▶ **What you should do**: Using the data that follows, say how many lines contain the word "drawers", giving the number by itself.

▶ **Collected material**:
[Start of section]

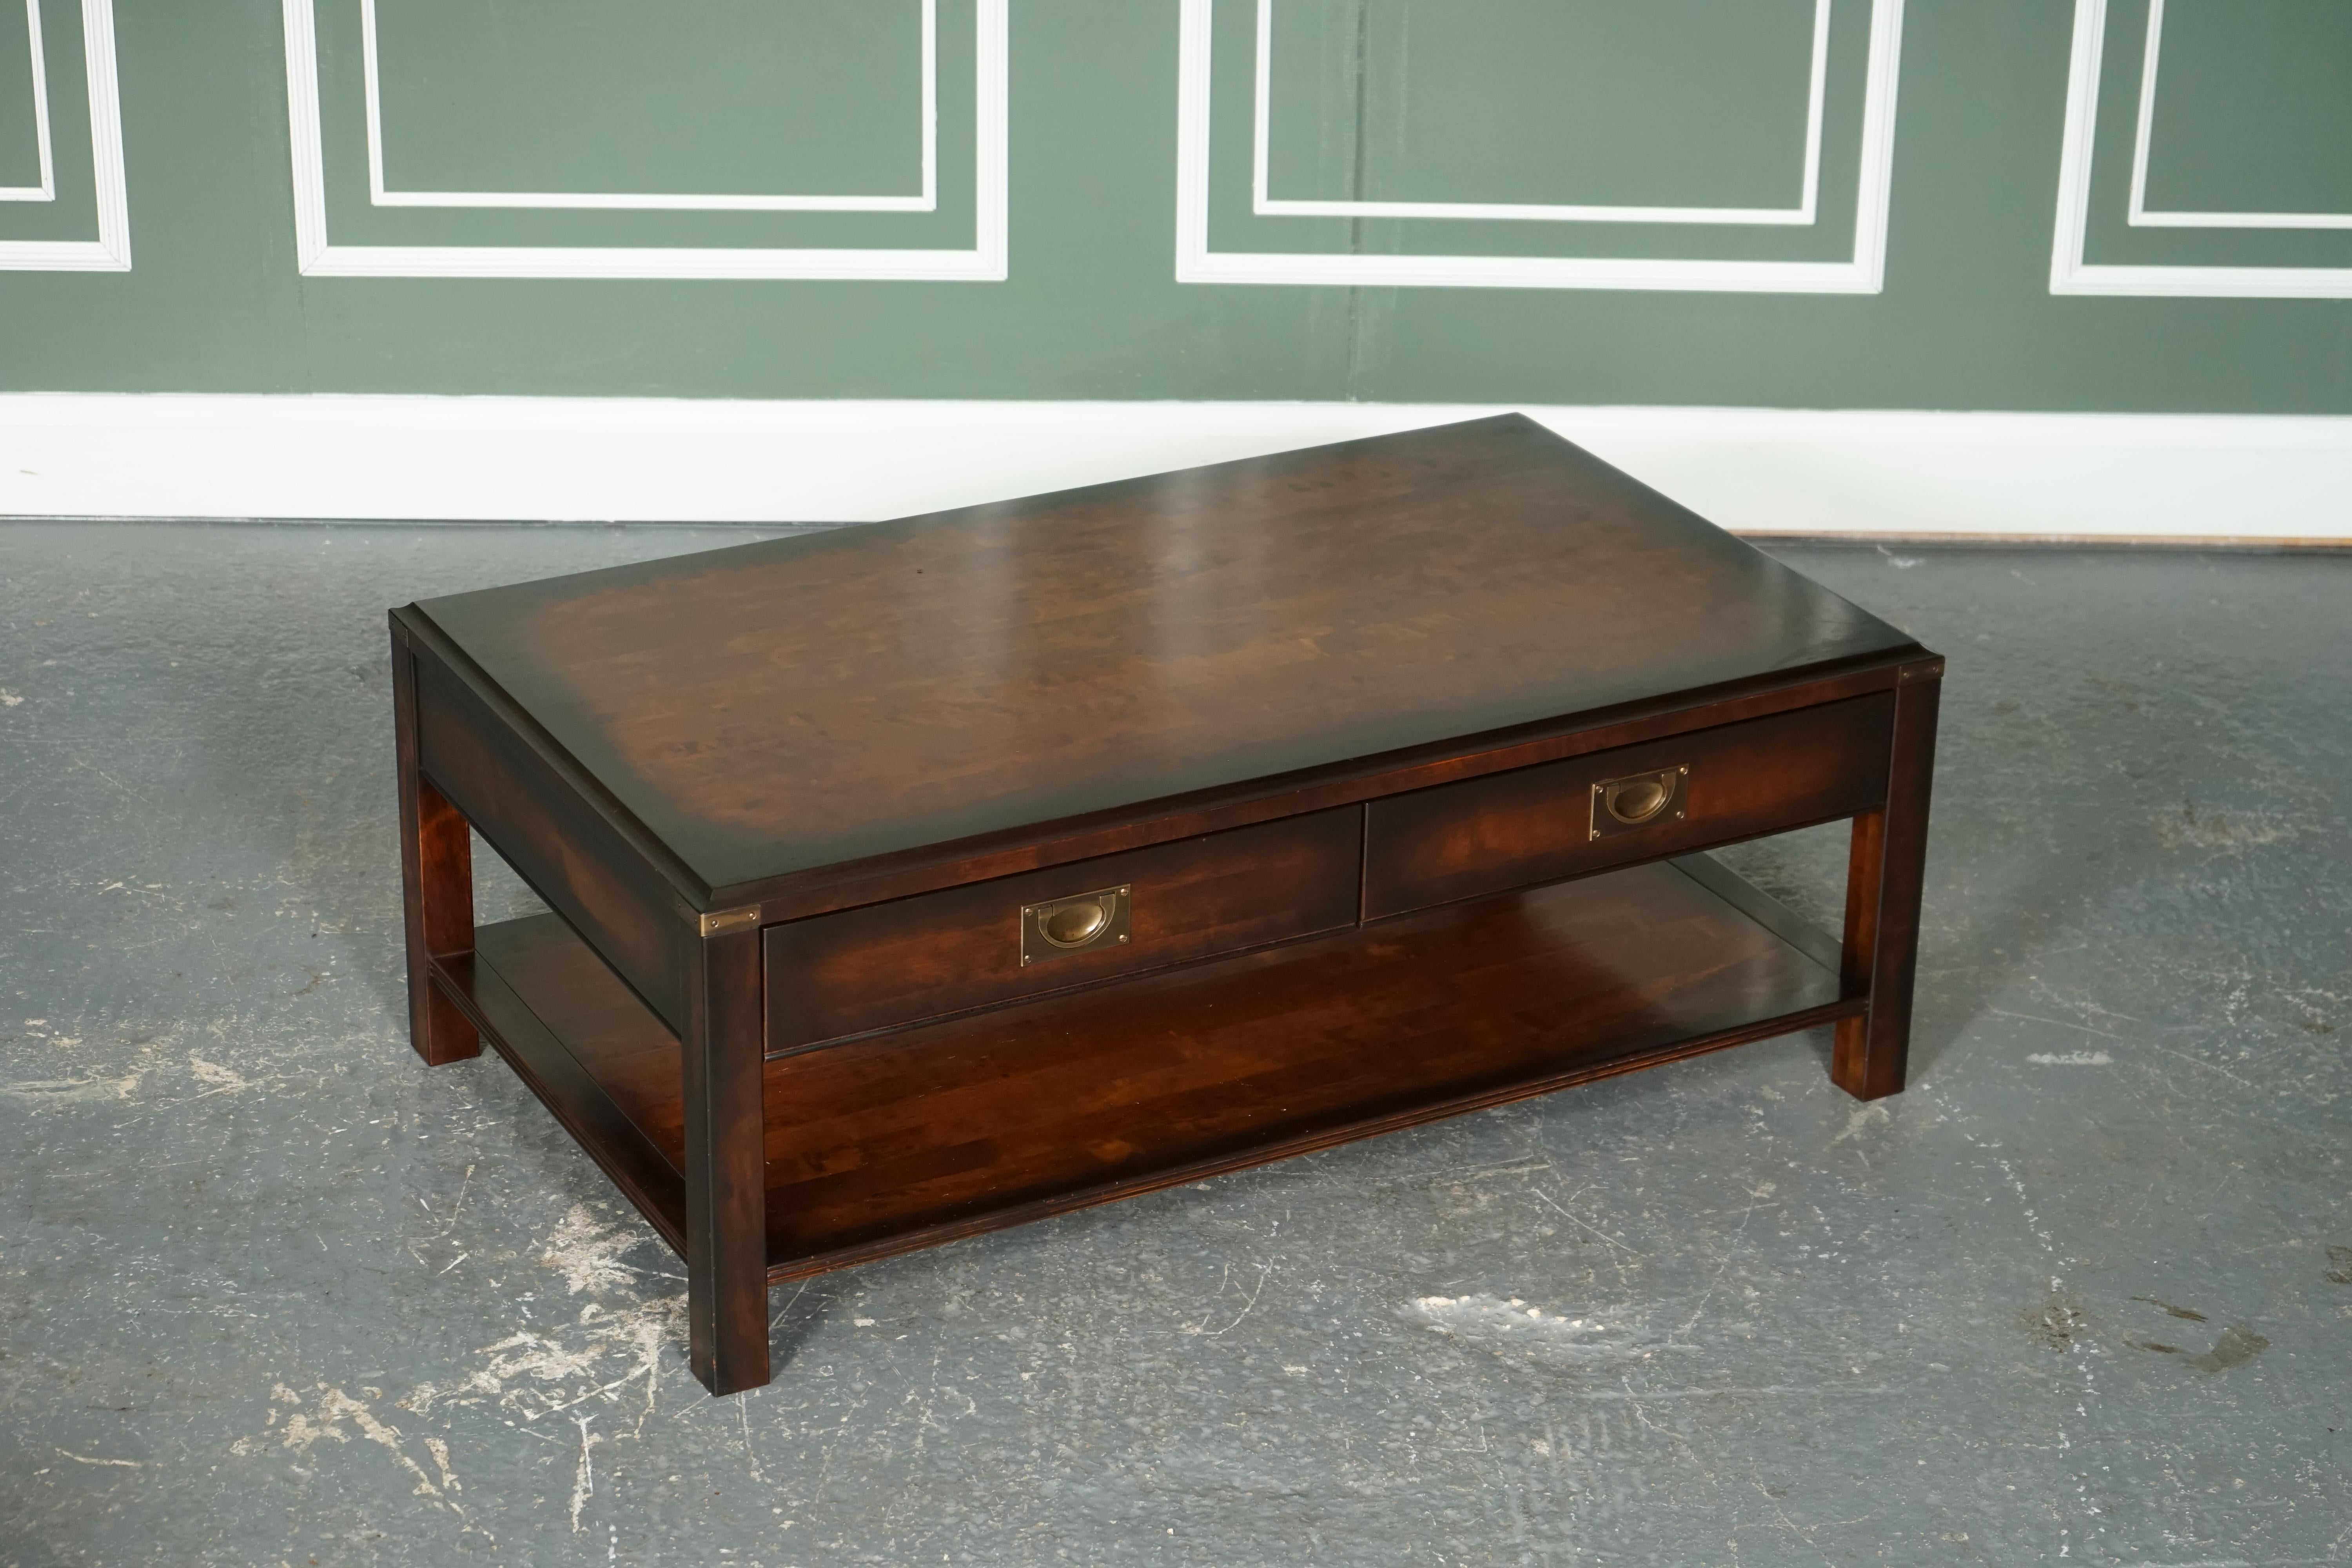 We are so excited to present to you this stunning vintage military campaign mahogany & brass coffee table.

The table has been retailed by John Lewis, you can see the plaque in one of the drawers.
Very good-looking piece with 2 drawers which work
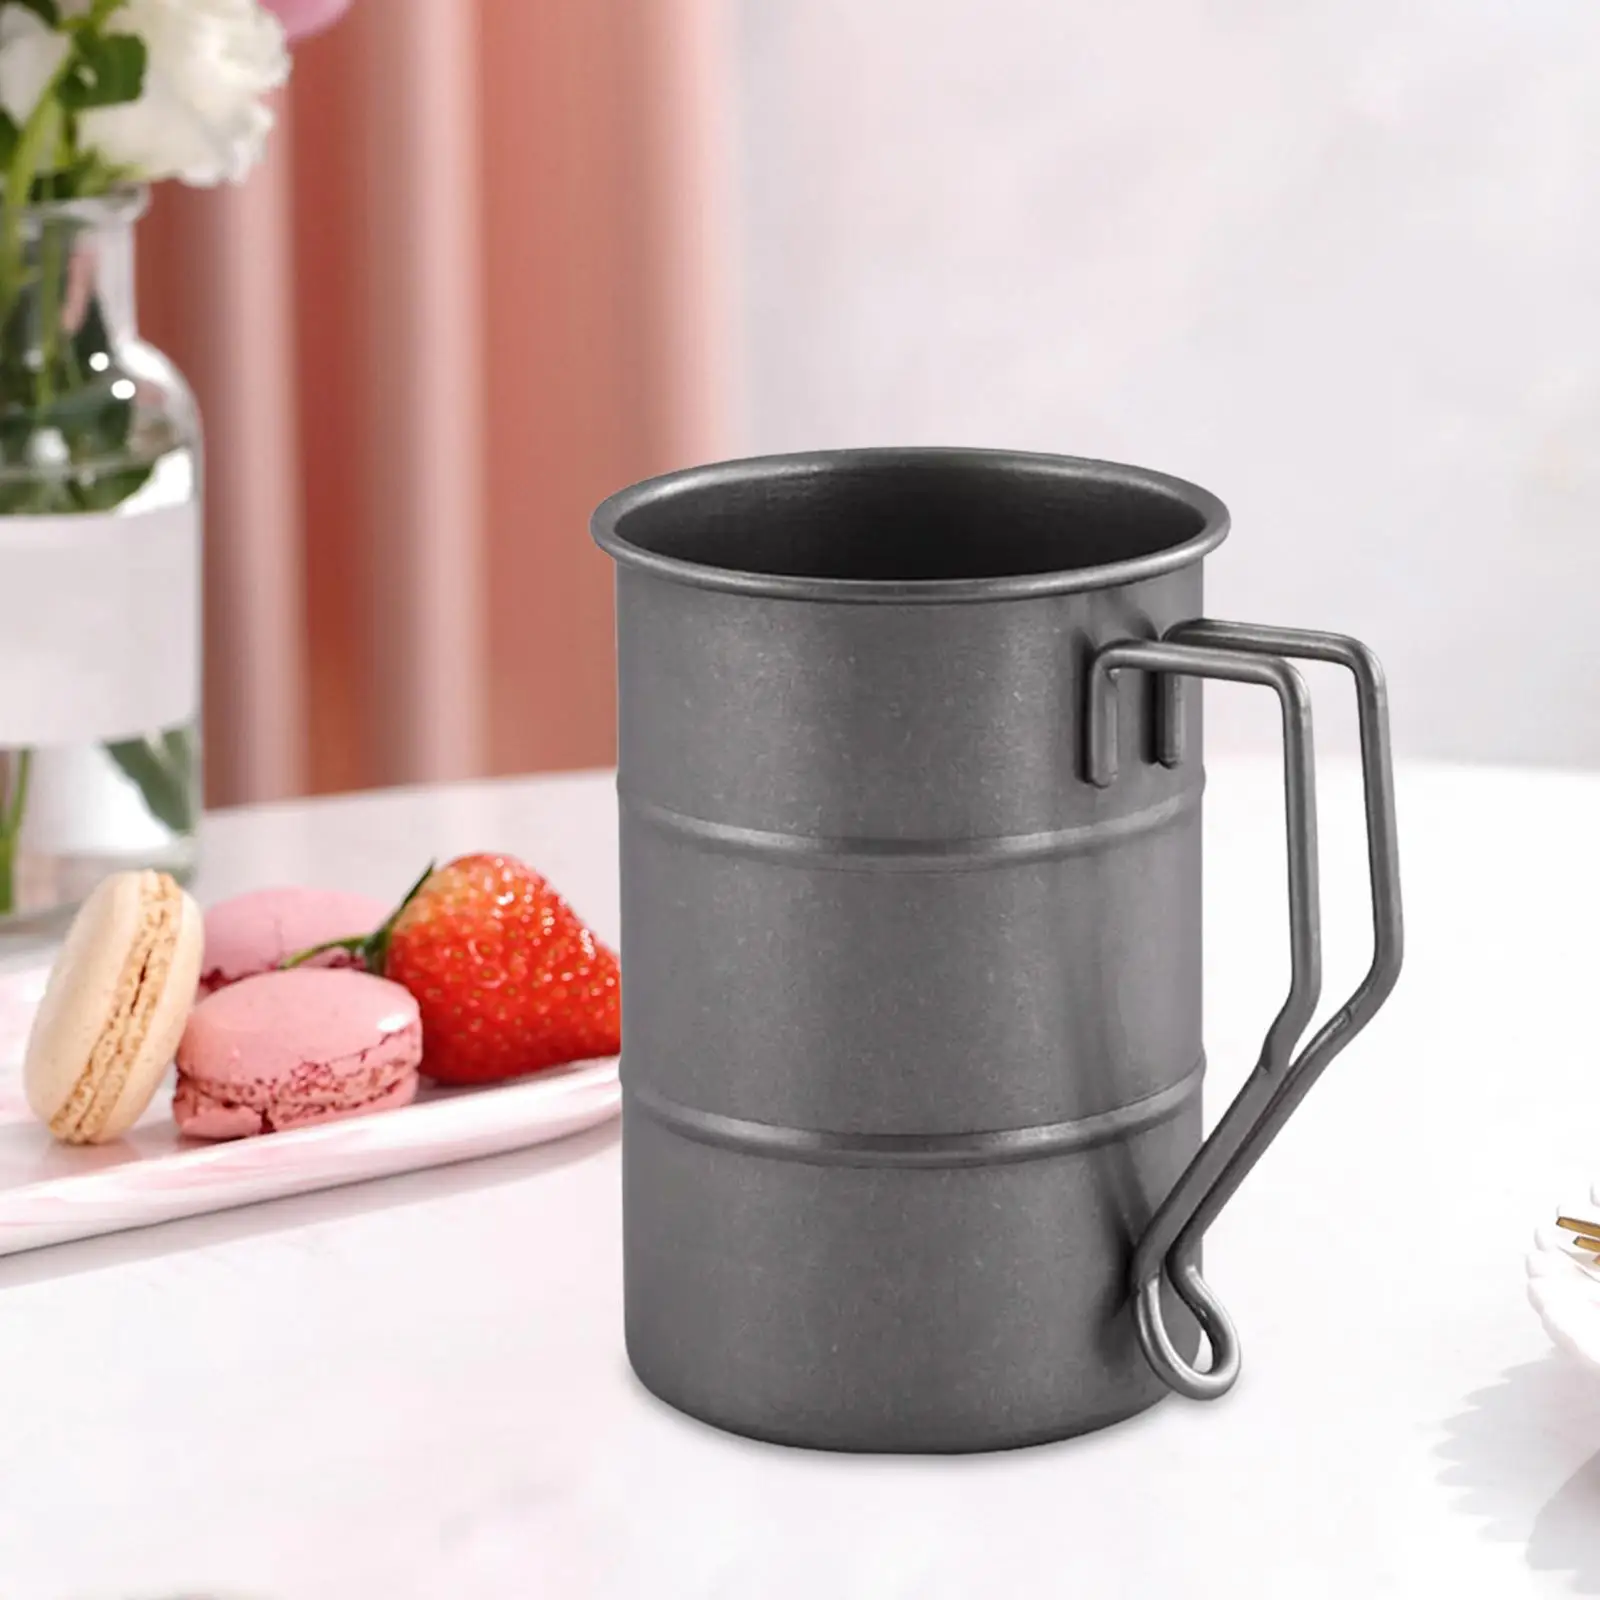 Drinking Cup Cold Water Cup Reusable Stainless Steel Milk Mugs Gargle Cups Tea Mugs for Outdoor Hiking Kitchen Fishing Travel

[End of section]

▶ **Answer to the problem**: 2